CVE-2025-7573 is an information disclosure vulnerability identified in multiple LB-LINK router models, including BL-AC1900, BL-AC2100_AZ3, BL-AC3600, BL-AX1800, BL-AX5400P, and BL-WR9000, affecting firmware versions up to 20250702. The vulnerability resides in the function bs_GetManPwd within the shared library libblinkapi.so, which is invoked by the /cgi-bin/lighttpd.cgi endpoint. This function's improper handling allows an unauthenticated remote attacker to retrieve sensitive information, potentially including administrative credentials or other confidential data stored or processed by the device. The vulnerability can be exploited remotely without requiring any authentication or user interaction, increasing the attack surface significantly. The vendor was notified but did not respond or provide a patch, and a public exploit has been disclosed, raising the risk of exploitation. The CVSS v4.0 base score is 6.9 (medium severity), reflecting the ease of remote exploitation and the confidentiality impact, while integrity and availability remain unaffected. The vulnerability does not require privileges or user interaction, making it accessible to any remote attacker scanning for vulnerable devices. The disclosed exploit could be used to gather sensitive information that may facilitate further attacks such as unauthorized access, lateral movement, or network reconnaissance.

For European organizations, this vulnerability poses a significant risk, especially for entities relying on LB-LINK routers in their network infrastructure. Information disclosure of administrative credentials or sensitive configuration data can lead to unauthorized network access, compromising confidentiality and potentially enabling attackers to manipulate network traffic or deploy further malware. Critical sectors such as government, finance, healthcare, and telecommunications could be targeted due to the strategic value of their networks. The lack of vendor response and patch availability increases exposure time, elevating the risk of exploitation.

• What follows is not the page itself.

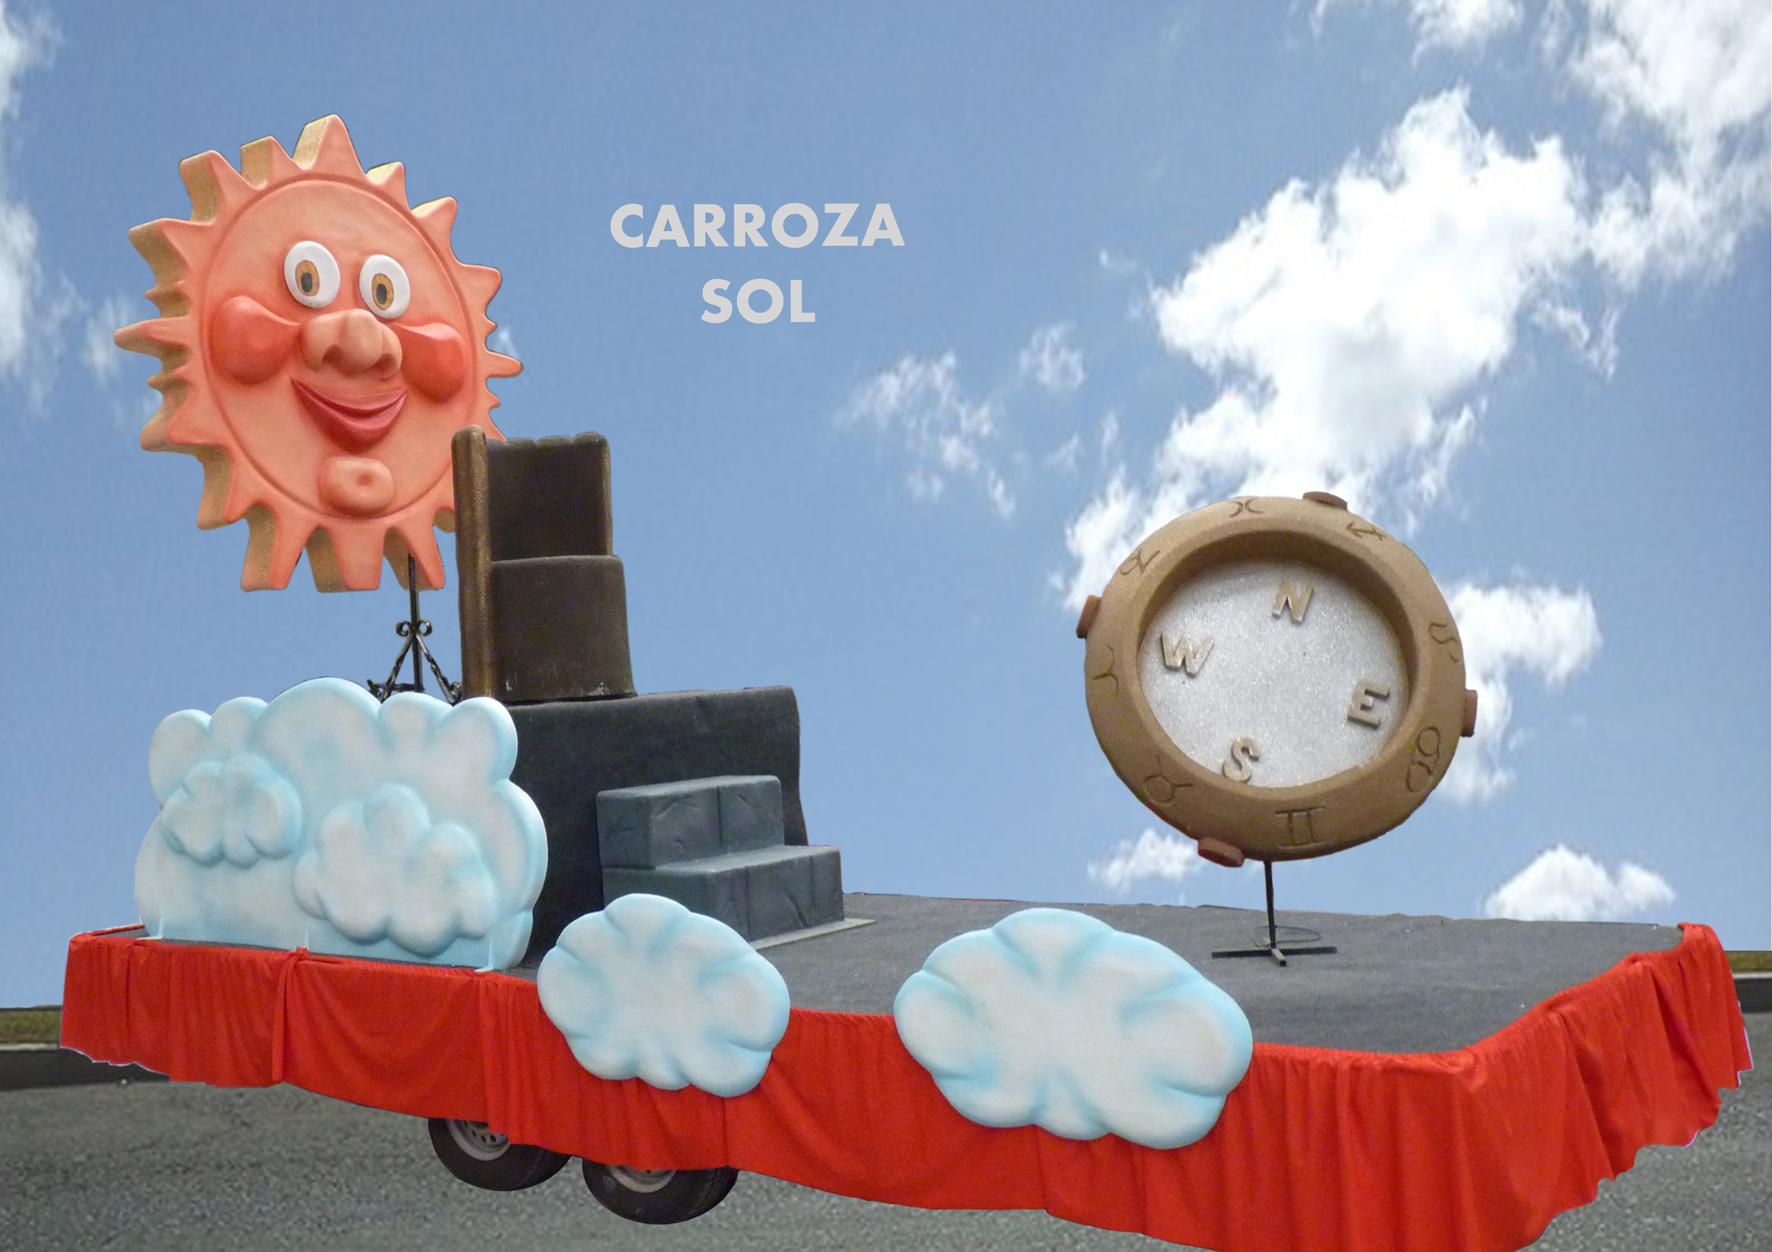 Carroza Fiesta Sol sonriente con brújula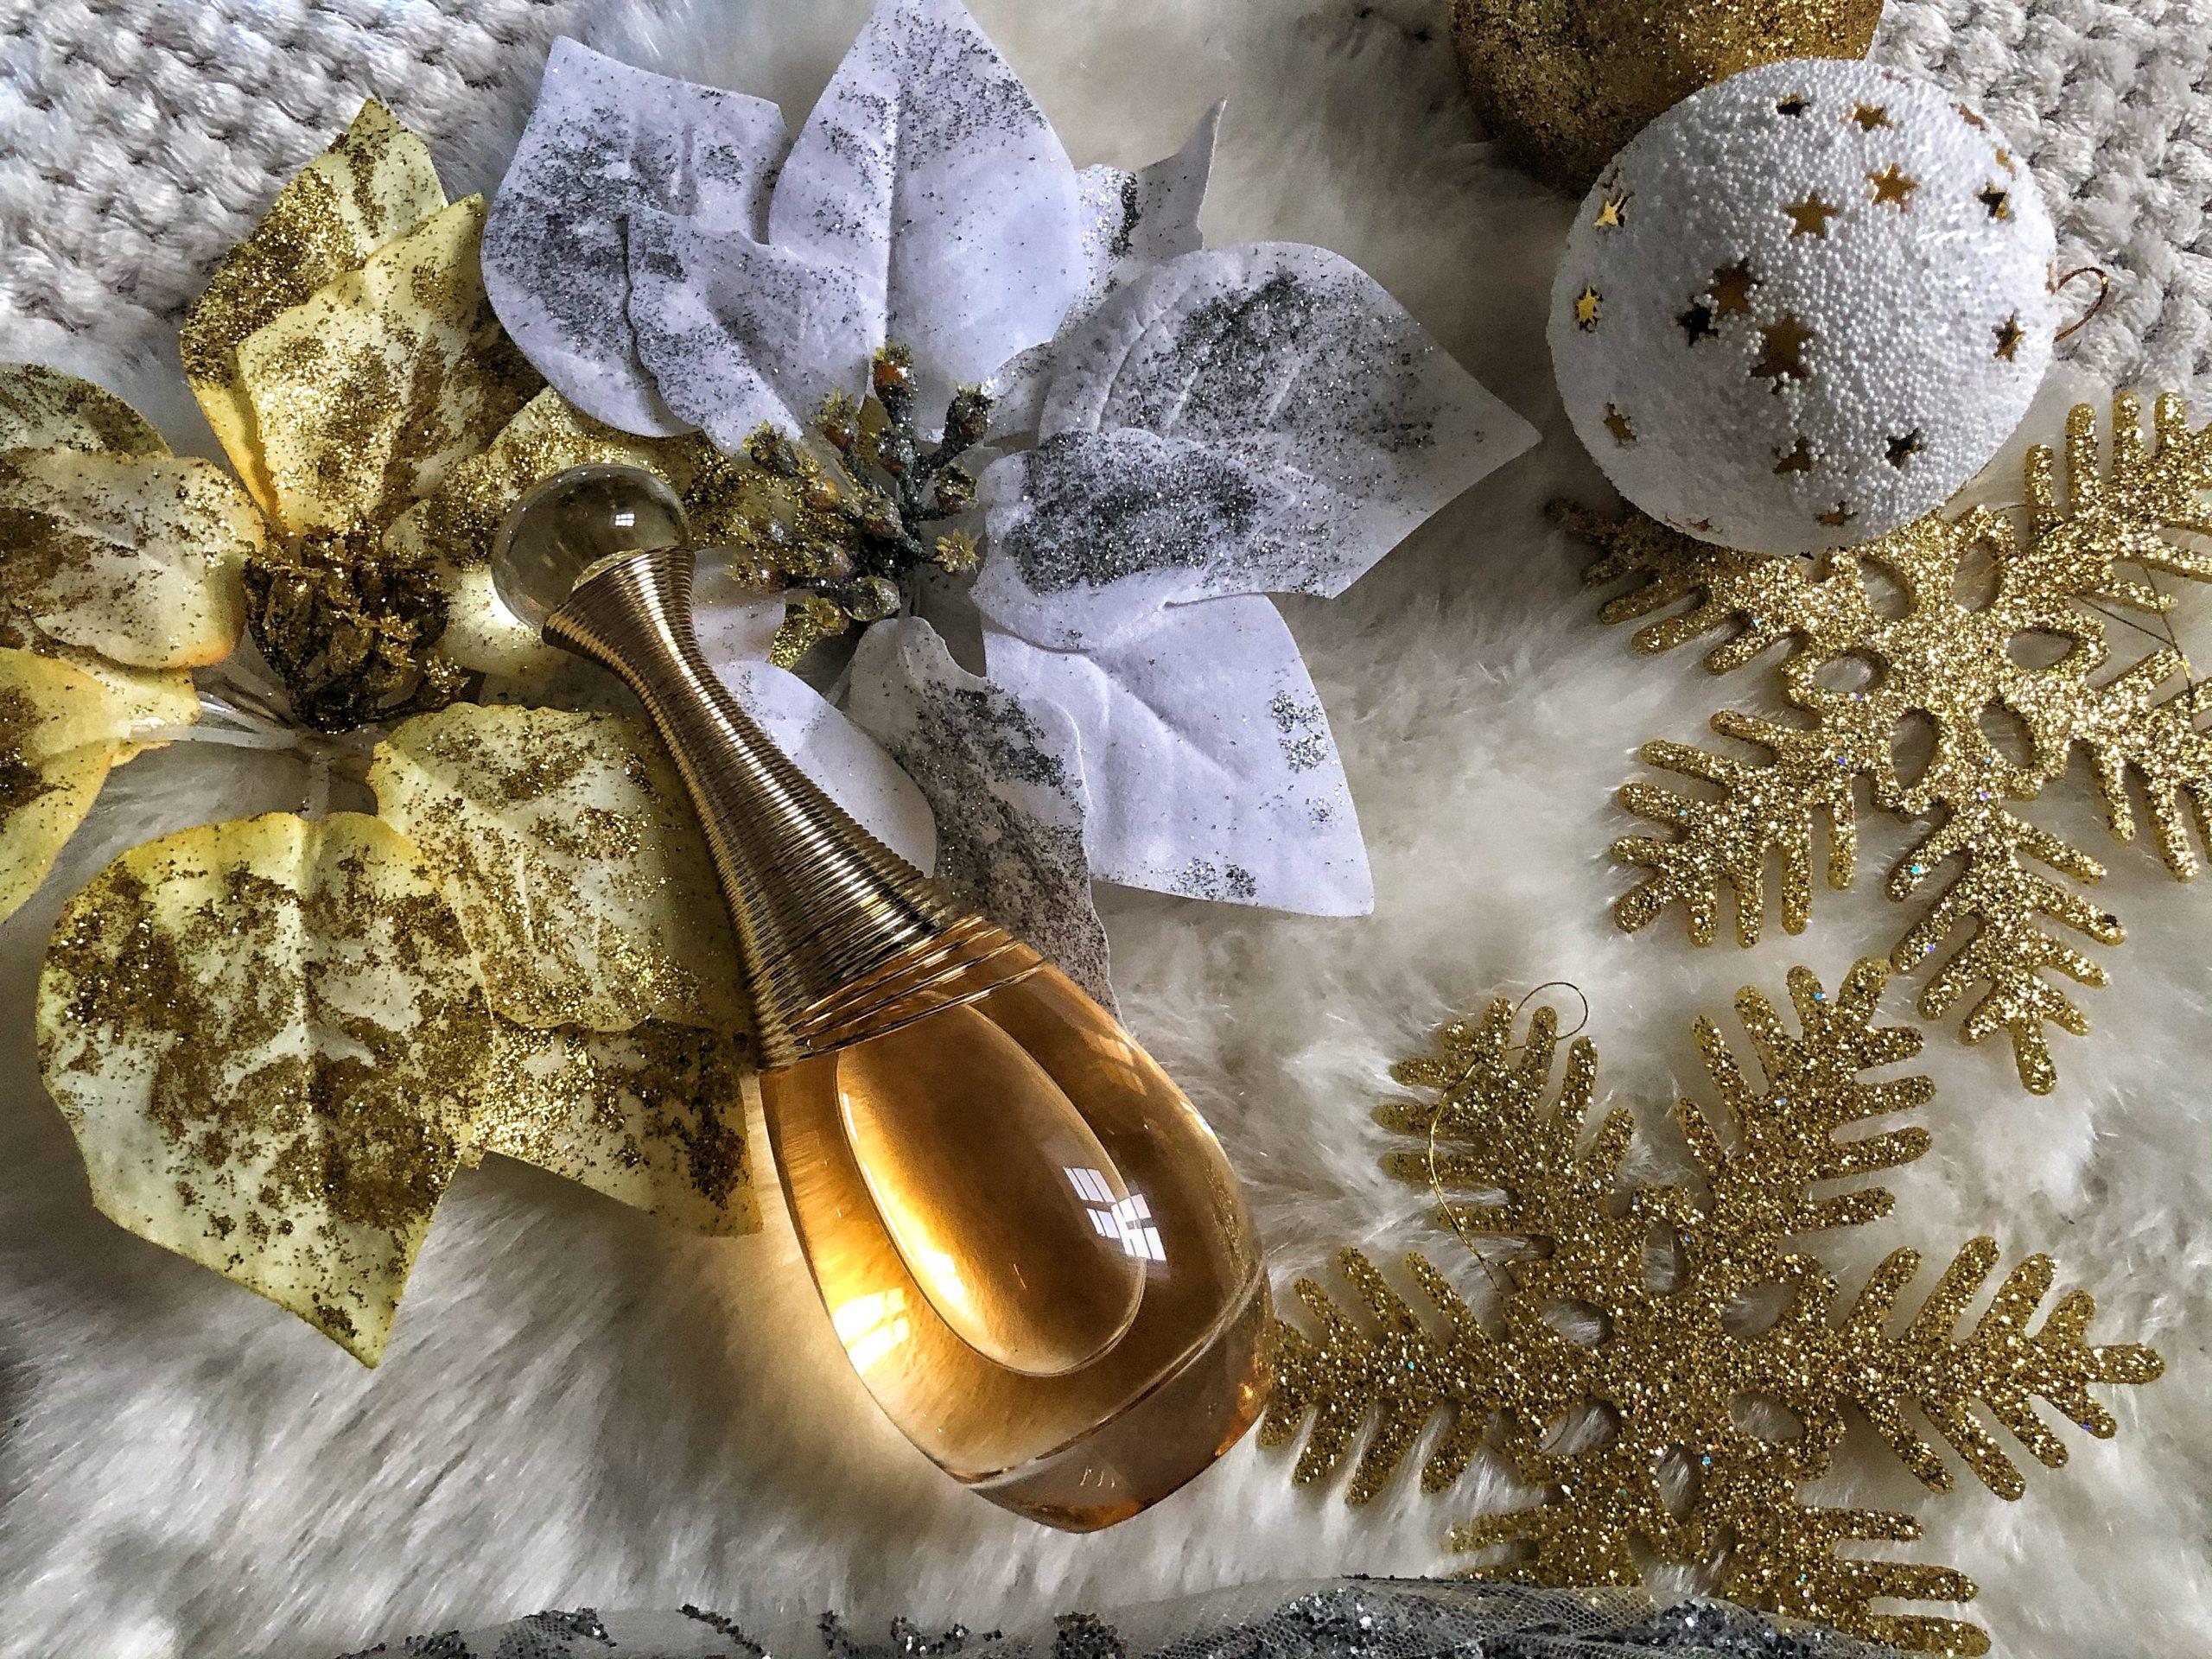 Jadore parfum di Dior: la fragranza che vi porta in un mondo incantato

Organizations using these devices in perimeter or internal network segments may face increased risk of data breaches, espionage, or disruption of services. Additionally, the public availability of exploits lowers the barrier for attackers, including less sophisticated threat actors, to exploit this vulnerability.

Given the absence of an official patch, European organizations should implement immediate compensating controls. First, restrict remote access to the affected devices by limiting management interfaces to trusted IP addresses or internal networks only, using firewall rules or VPNs. Disable or restrict access to the /cgi-bin/lighttpd.cgi endpoint if possible, or employ web application firewalls (WAFs) to detect and block exploit attempts targeting bs_GetManPwd. Regularly monitor network traffic and device logs for suspicious requests or anomalies indicative of exploitation attempts. Consider replacing affected LB-LINK devices with alternative models or vendors that have timely security support. Network segmentation should be enforced to isolate vulnerable devices from critical assets. Additionally, organizations should conduct vulnerability scans to identify affected devices and prioritize their remediation or isolation. Finally, maintain heightened awareness and threat intelligence monitoring for any emerging exploits or vendor updates.